Slicing a 300MB CuPy array is ~5x slower than NumPy

My code involves slicing into 432x432x400 arrays a total of ~10 million times to generate batches of data for neural network training. As these are fairly large arrays (92 million data points/300MB), I was hoping to speed this up using CuPy (and maybe even speed training up by generating data on the same GPU as training), but found it actually made the code about 5x slower.
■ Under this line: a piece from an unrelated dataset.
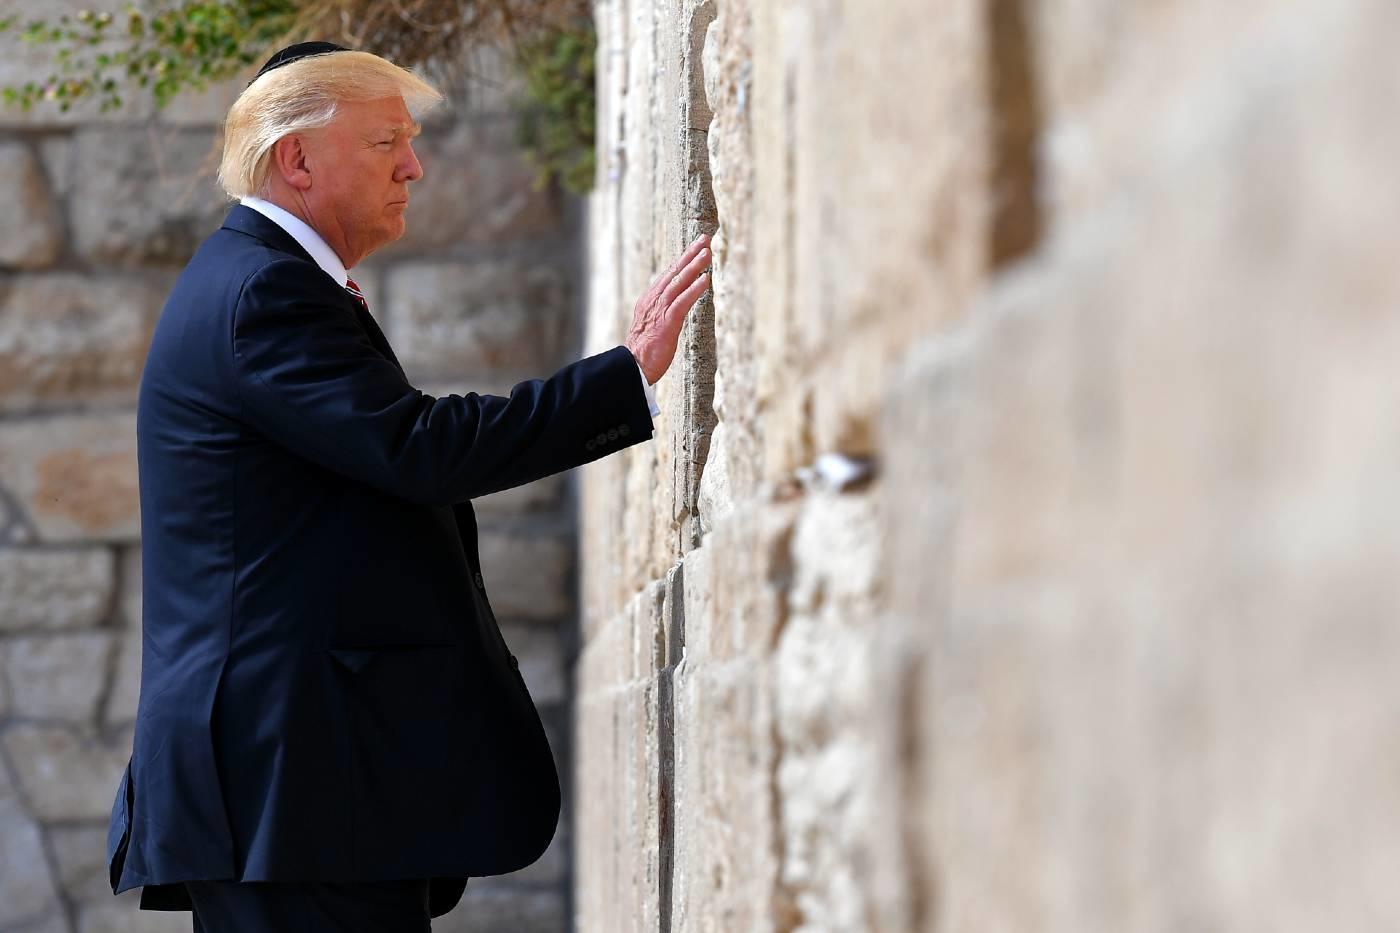 trump western wall jerusalem may 2017

Is this expected behaviour due to CuPy overheads or am I missing something?

Code to reproduce:

import cupy as cp
import numpy as np
import timeit
cp_arr = cp.zeros((432, 432, 400), dtype=cp.float32)
np_arr = np.zeros((432, 432, 400), dtype=np.float32)

# numbers below are representative of my code
cp_code = 'arr2 = cp_arr[100:120, 100:120, 100:120]'
np_code = 'arr2 = np_arr[100:120, 100:120, 100:120]'

timeit.timeit(cp_code, number=8192*4, globals=globals())  # prints 0.122
timeit.timeit(np_code, number=8192*4, globals=globals())  # prints 0.027

Setup:

GPU: NVIDIA Quadro P4000
CuPy Version: 7.3.0
OS: CentOS Linux 7
CUDA Version: 10.1
cuDNN Version: 7.6.5

Solution

Slicing in NumPy and CuPy is not actually copying the data anywhere, but simply returning a new array where the data is the same but with the its pointer being offset to the first element of the new slice and an adjusted shape. Note below how both the original array and the slice have the same strides:

In [1]: import cupy as cp

In [2]: a = cp.zeros((432, 432, 400), dtype=cp.float32)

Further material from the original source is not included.